That seemed to perk Billy Blob right up and he even sprung for a big basket of scorching hot Buffalo Wings, which are about the only thing in the entire universe that's exactly the same in taverns all across the cosmos, no matter where or when you happen to drop in.

Wednesday, September 21, 2011

Mooned

I waltzed into Think-A-Holic Lounge this afternoon like I owned the place, which was pretty easy because there was only one other customer at the bar, an indie author like me who cries in his beer every Wednesday afternoon. We never bothered to ask him why he cries in his beer. We know. Abysmal book sales, eBook lending to the point of piracy, copyright infringement, no fans, no followers and the list goes on and on. So, Angus and I indulge the poor bastard. It's the least we can do.

As I already told you before, Wednesday afternoon is my favorite time to be in the Lounge, mostly because I almost have the place to myself and, secondly, because I feel like a schoolboy playing hookey instead of sitting behind a desk somewhere taking a lot of guff from customers and co-workers or toting barges and lifting bails and all that workday rot. Plus, it gives me a quiet, semi-private place to cry in my beer.

I was just about to ask Angus McCloud — our bigass head bartender — when that Fred & Red comedy team from Mars would be doing their first gig here when Angus spilled the beans himself. He said Fred Fortune found out that Angus was the one who reported Fred to the Pluto police a couple space years back and Fred got mad and nixed their contract on the Lounge deal.

"So?" I didn't really give a hoot. I was in a funk about my eBook and that it only sold one copy so far. Besides, I think Fred & Red are funny but I can't stand looking at that goofy top hat and those outdated Jack E. Leonard glasses. I hear the nose is real and that's the only reason I never poked fun at the little homeless grifter.

"Well, there's more to it than that," Angus said out of the corner of his mouth. "The little prick mooned us. Mooned us all real good."

"Whattaya mean he mooned us?" I asked, not really interested.
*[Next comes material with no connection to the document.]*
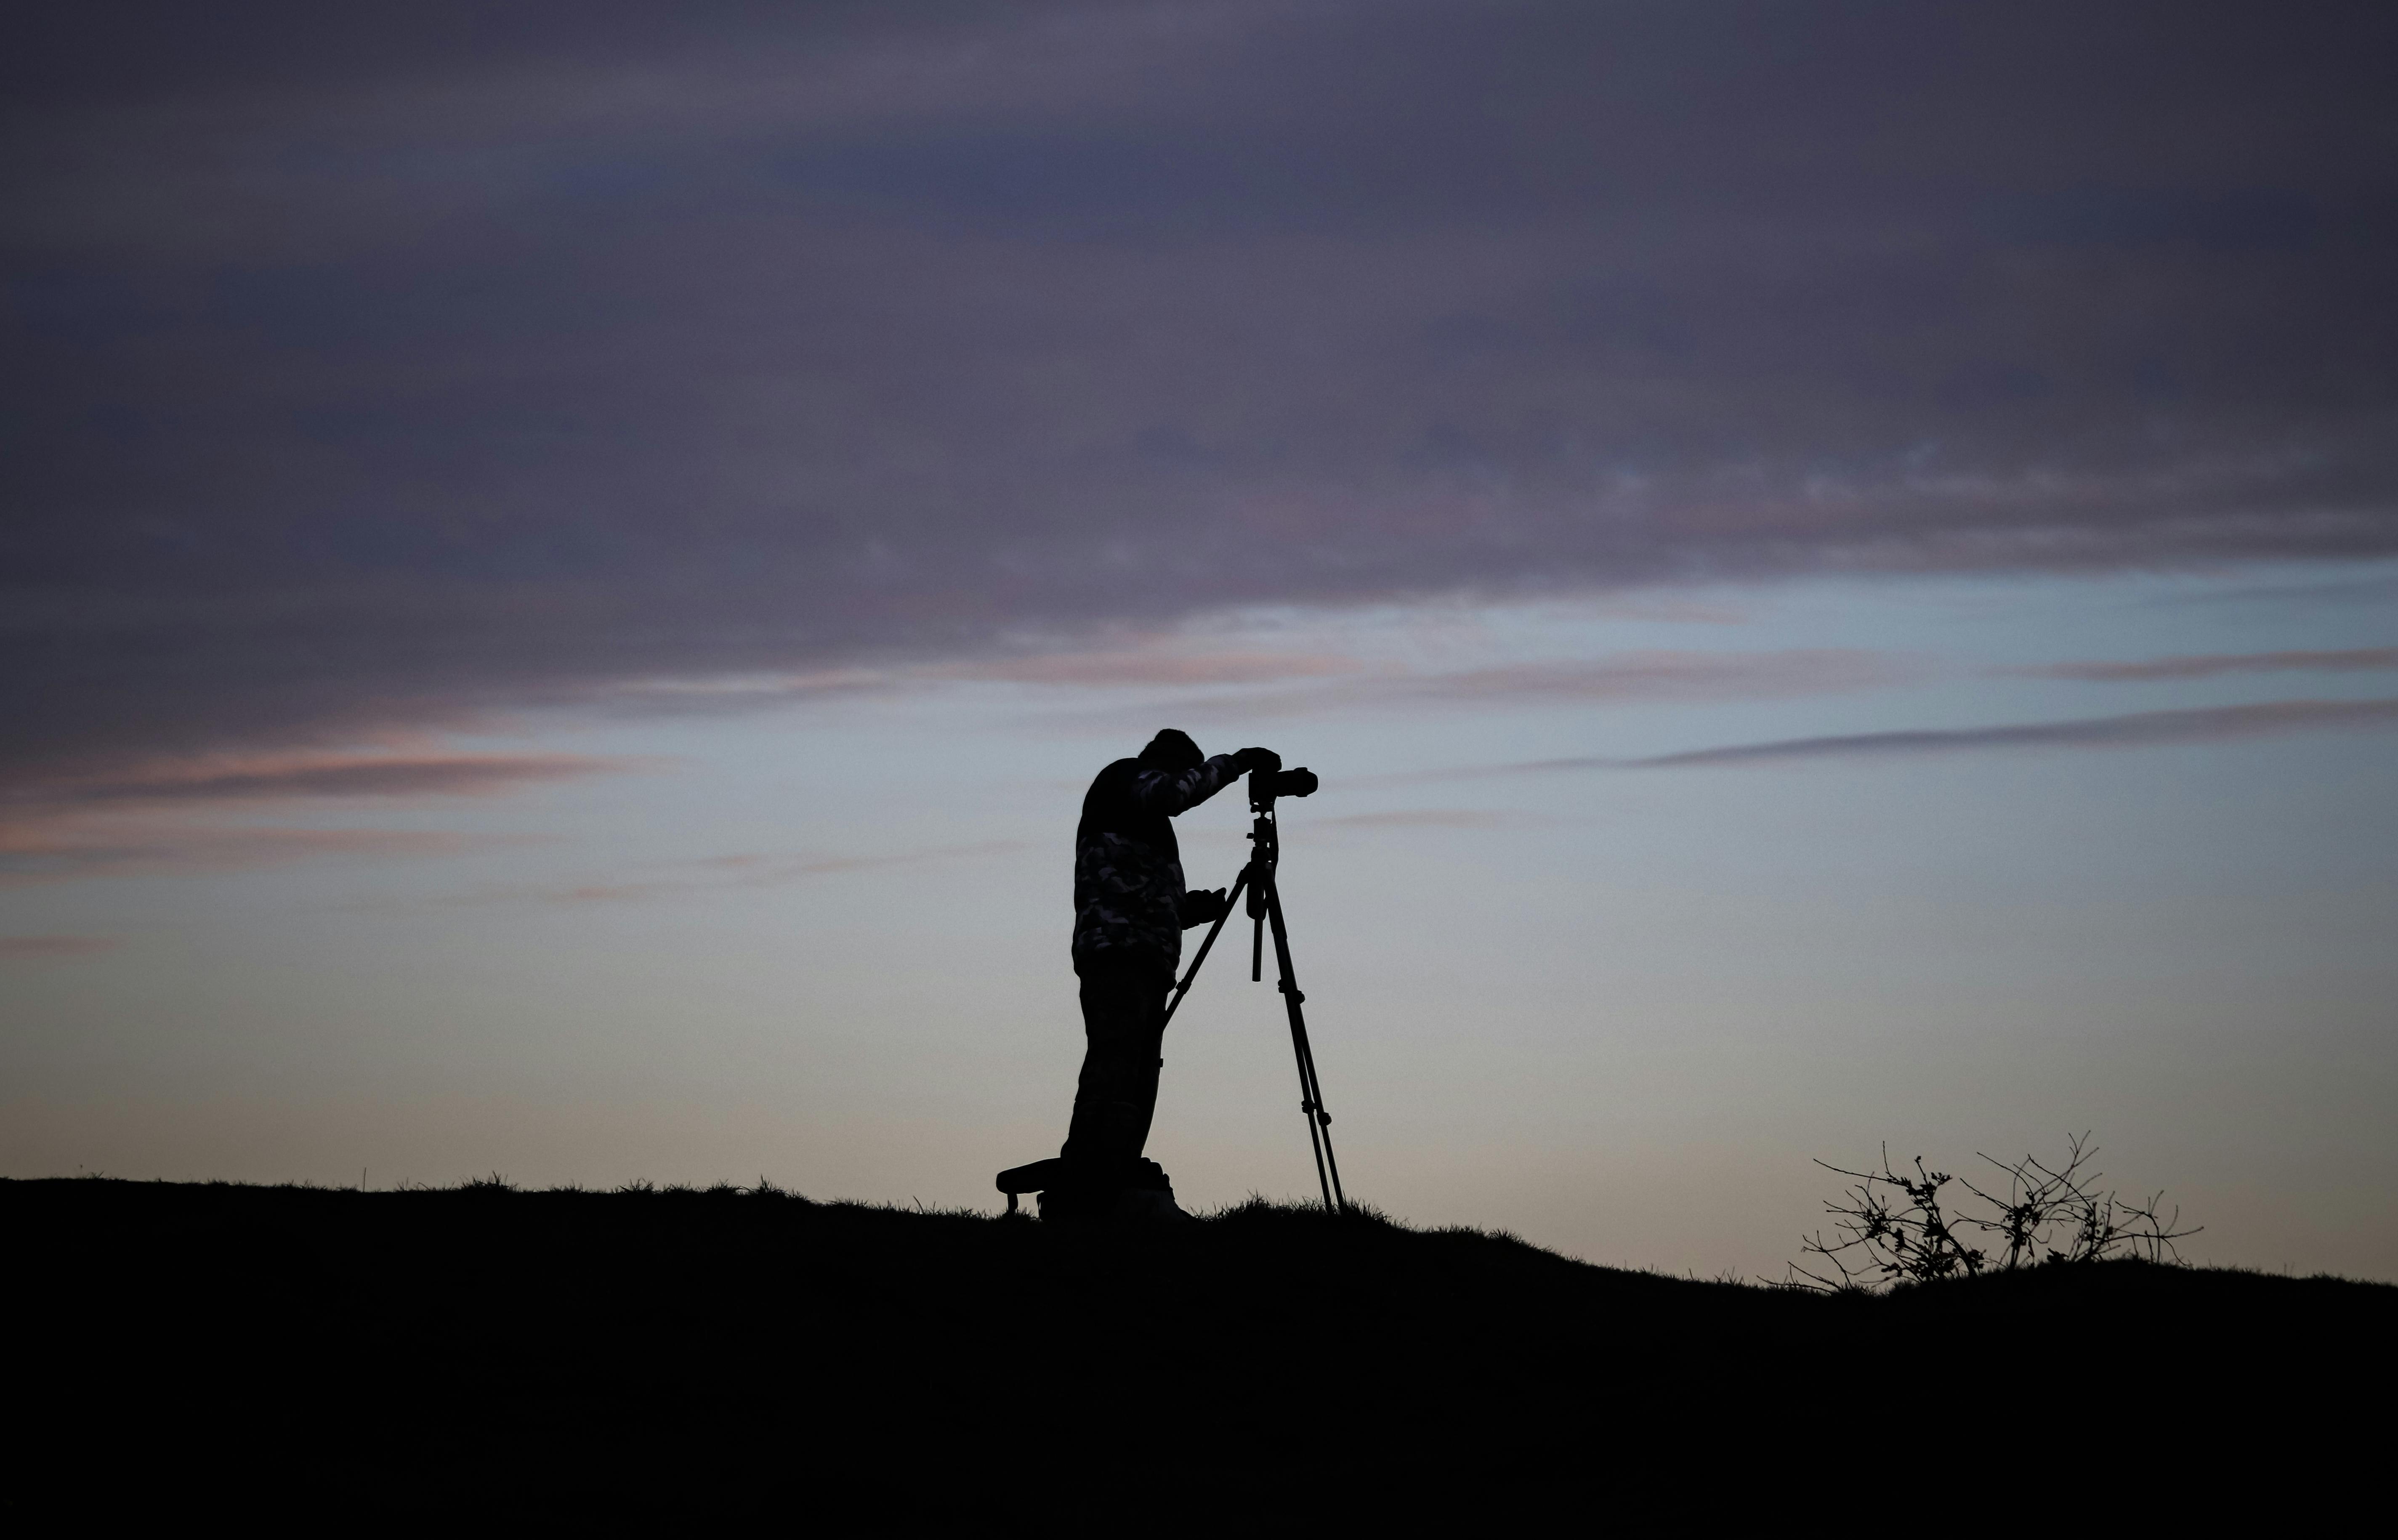 photographer tripod silhouette

"You'll see," he sighed. "Wait until after dark and then you'll see." Then the homely old spook lumbered over to the other indie author and poured him another cheap draft. Cheap is all we can afford these days.

I stumbled down the front steps around eight-thirty, full of happy thoughts again and when I looked up at the starless sky this is what I saw (see pic). I don't even want to know how he did it. All I know is that Fred Fortune will be two dirty words around Think-A-Holic Lounge from now on.

Tuesday, August 09, 2011

Rover

Things have been relatively quiet around here this summer. Because of all the security bots coming and going, there hasn't been a brawl at Think-A-Holic Lounge the entire summer. I hate to say it, but I'm a little bored and I could tell that Angus McCloud, our big-ass head bartender, was just as bored, if not more.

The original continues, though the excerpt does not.